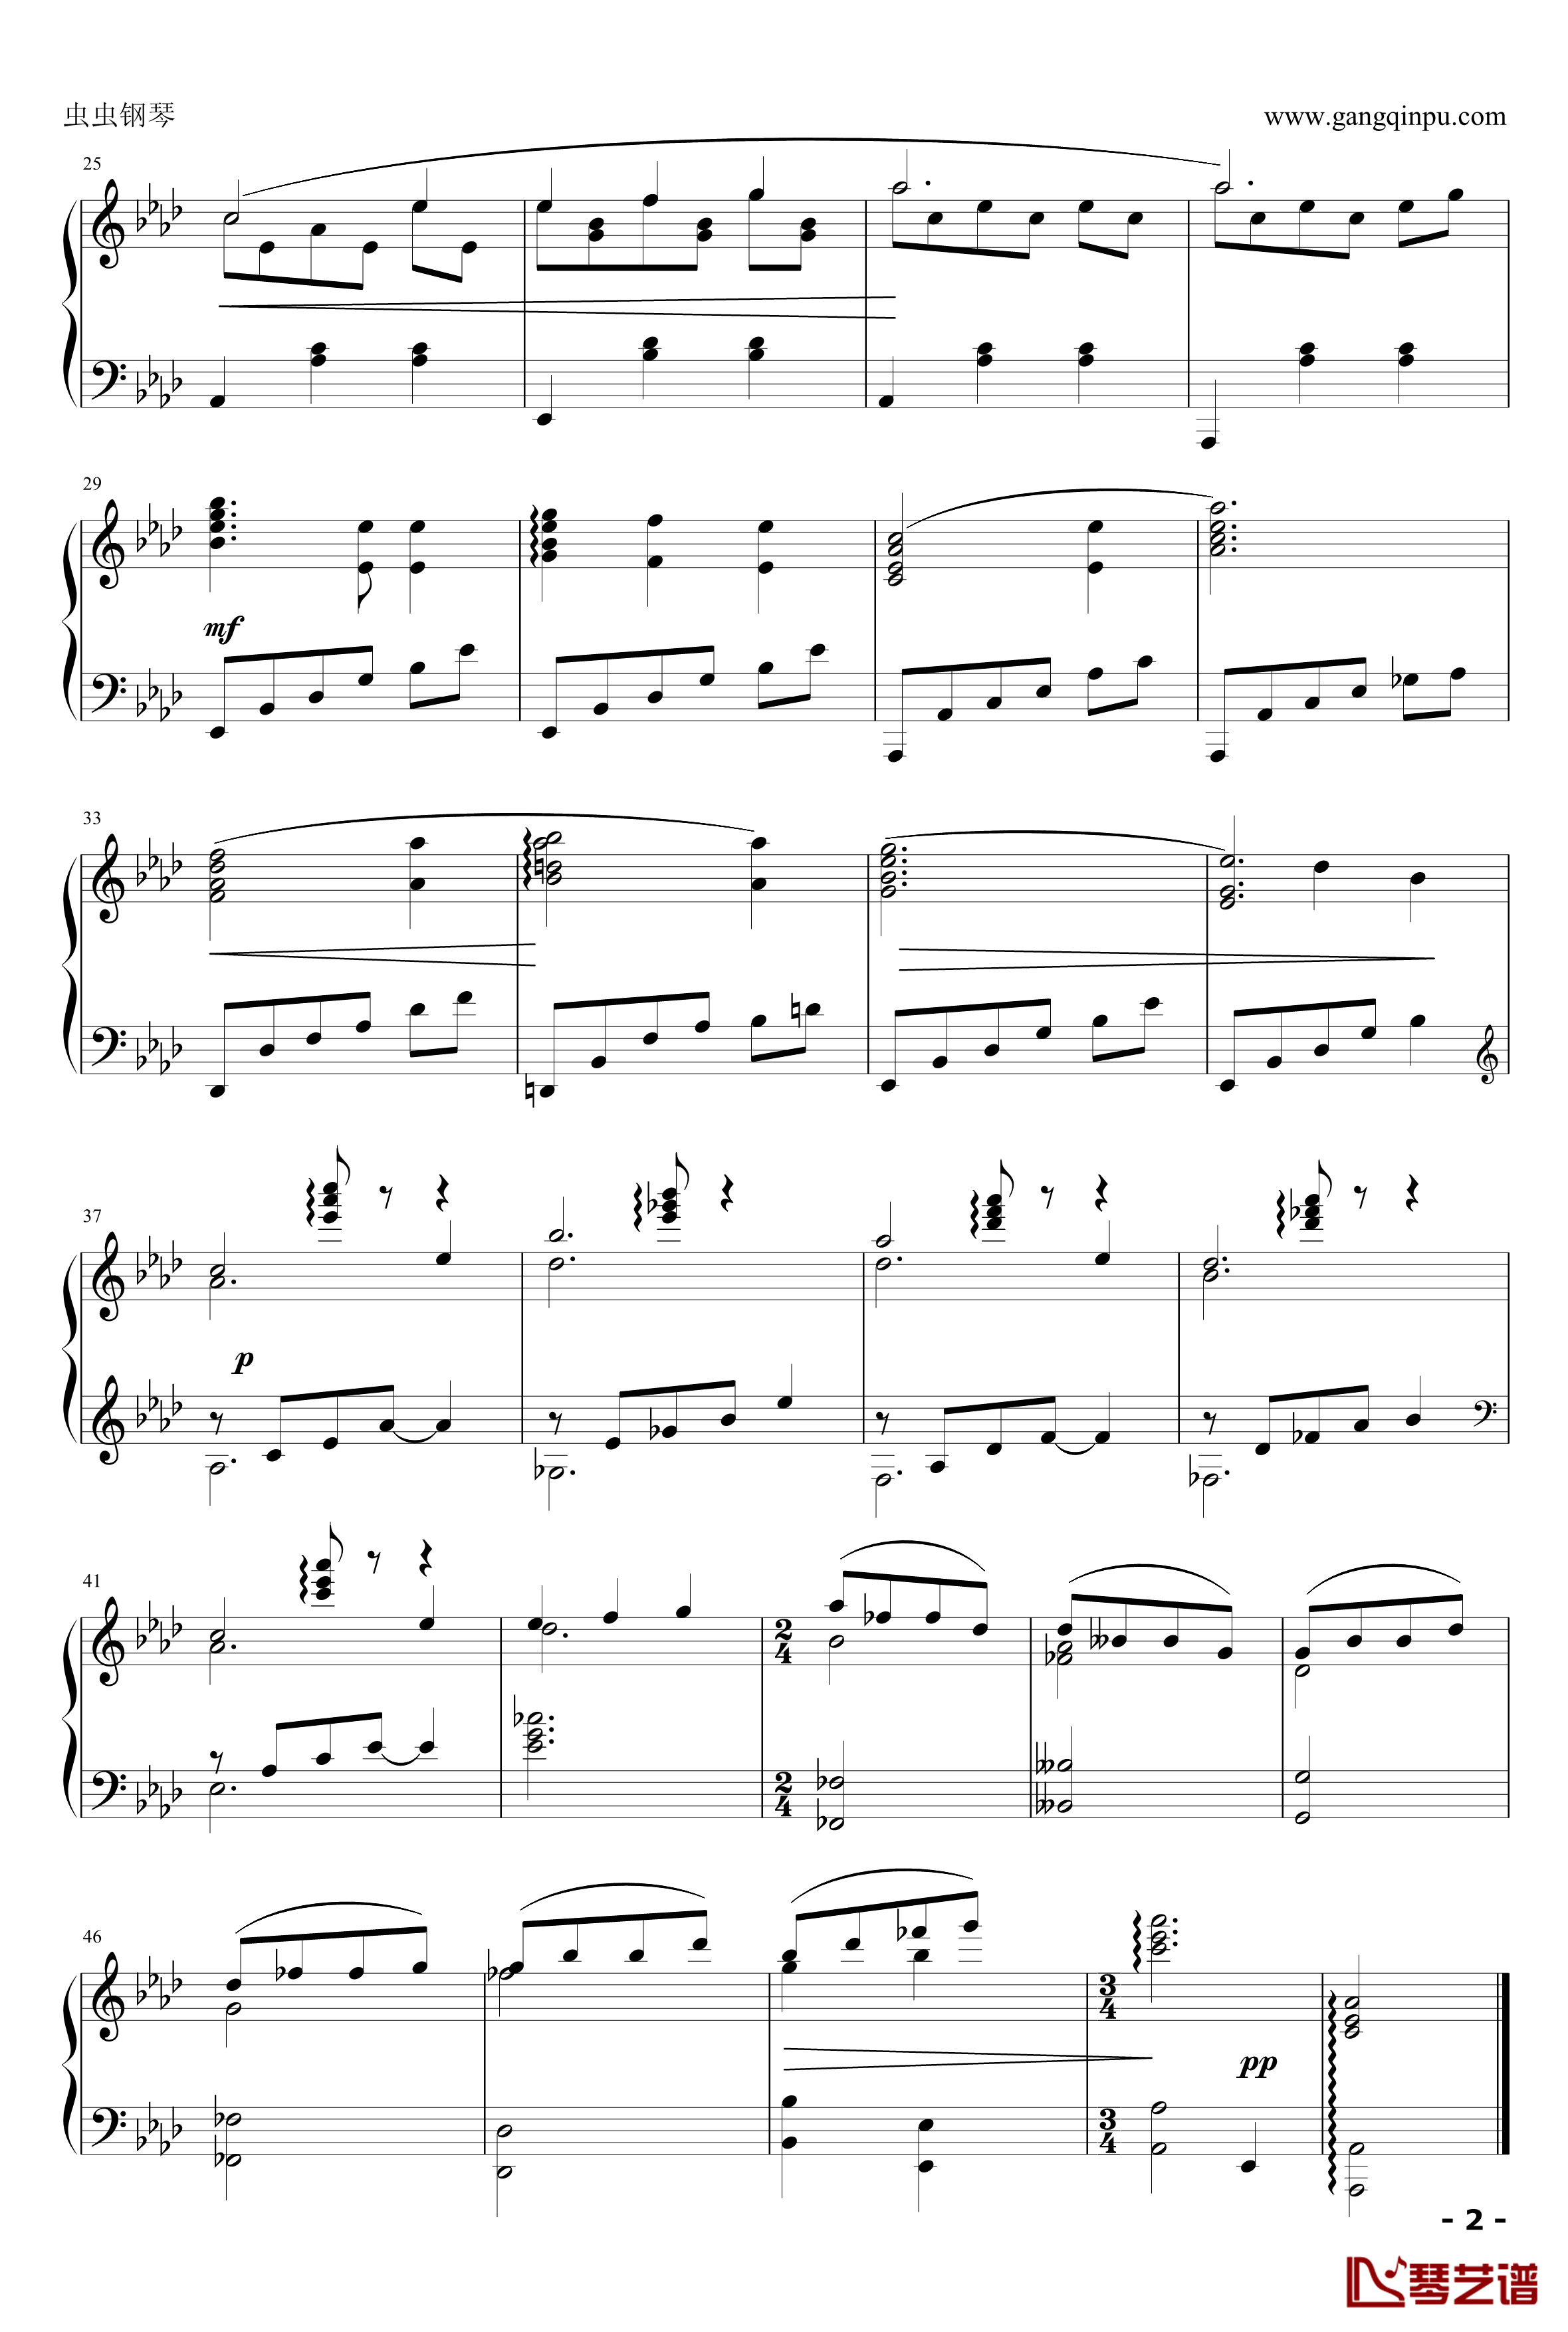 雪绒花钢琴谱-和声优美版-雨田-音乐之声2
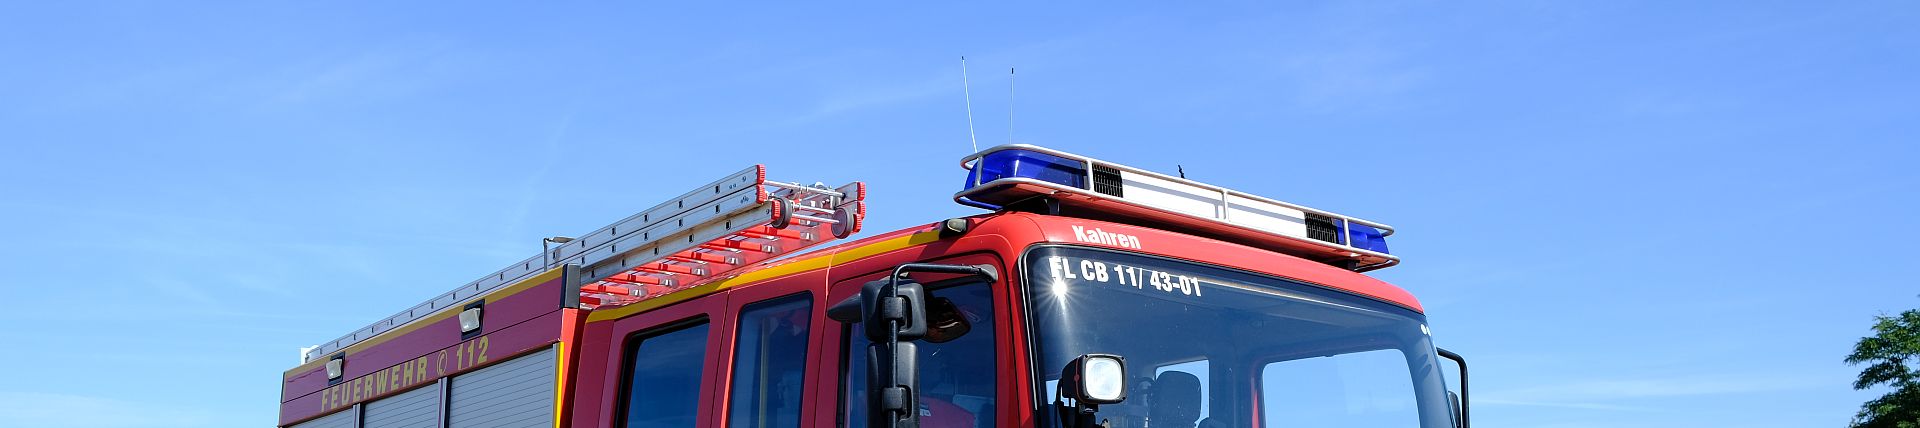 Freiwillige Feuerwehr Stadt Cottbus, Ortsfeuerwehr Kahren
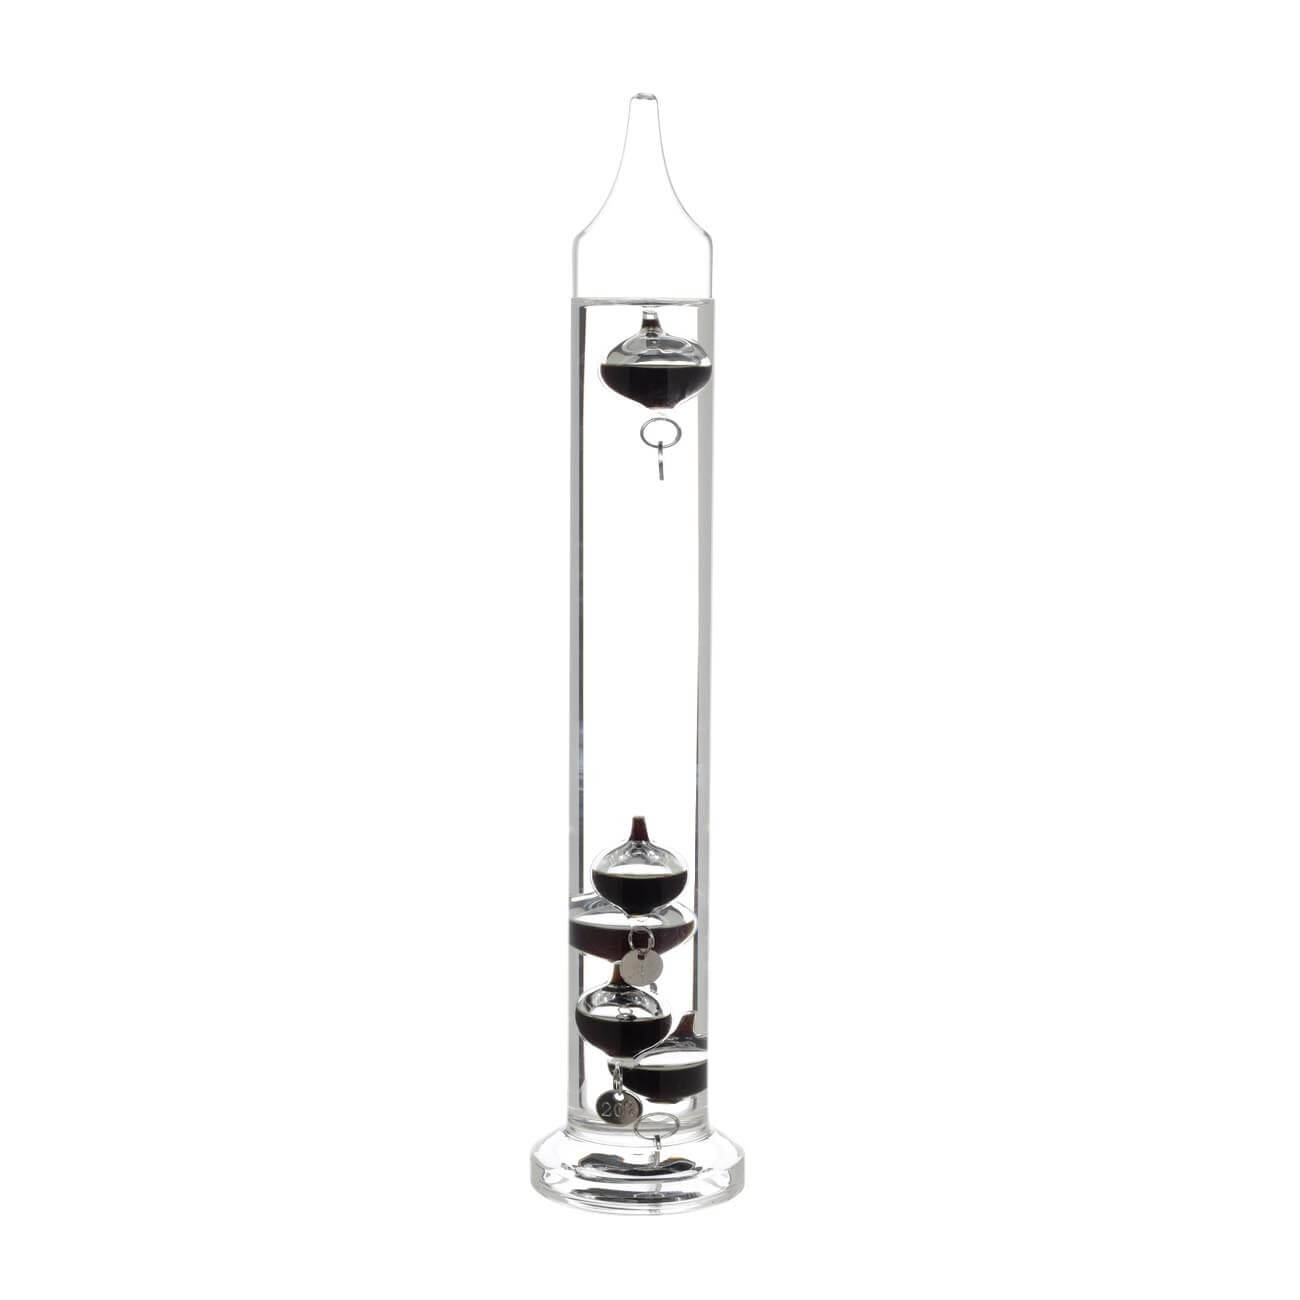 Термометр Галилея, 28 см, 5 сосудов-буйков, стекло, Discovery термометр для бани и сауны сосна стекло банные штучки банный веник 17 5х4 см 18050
■ ■ ■ ■ ■
Task requirements
Pictures aside, reproduce the listing above exactly.

Answer below
 雪绒花钢琴谱-和声优美版-雨田-音乐之声2
 Freiwillige Feuerwehr Stadt Cottbus, Ortsfeuerwehr Kahren
 Термометр Галилея, 28 см, 5 сосудов-буйков, стекло, Discovery термометр для бани и сауны сосна стекло банные штучки банный веник 17 5х4 см 18050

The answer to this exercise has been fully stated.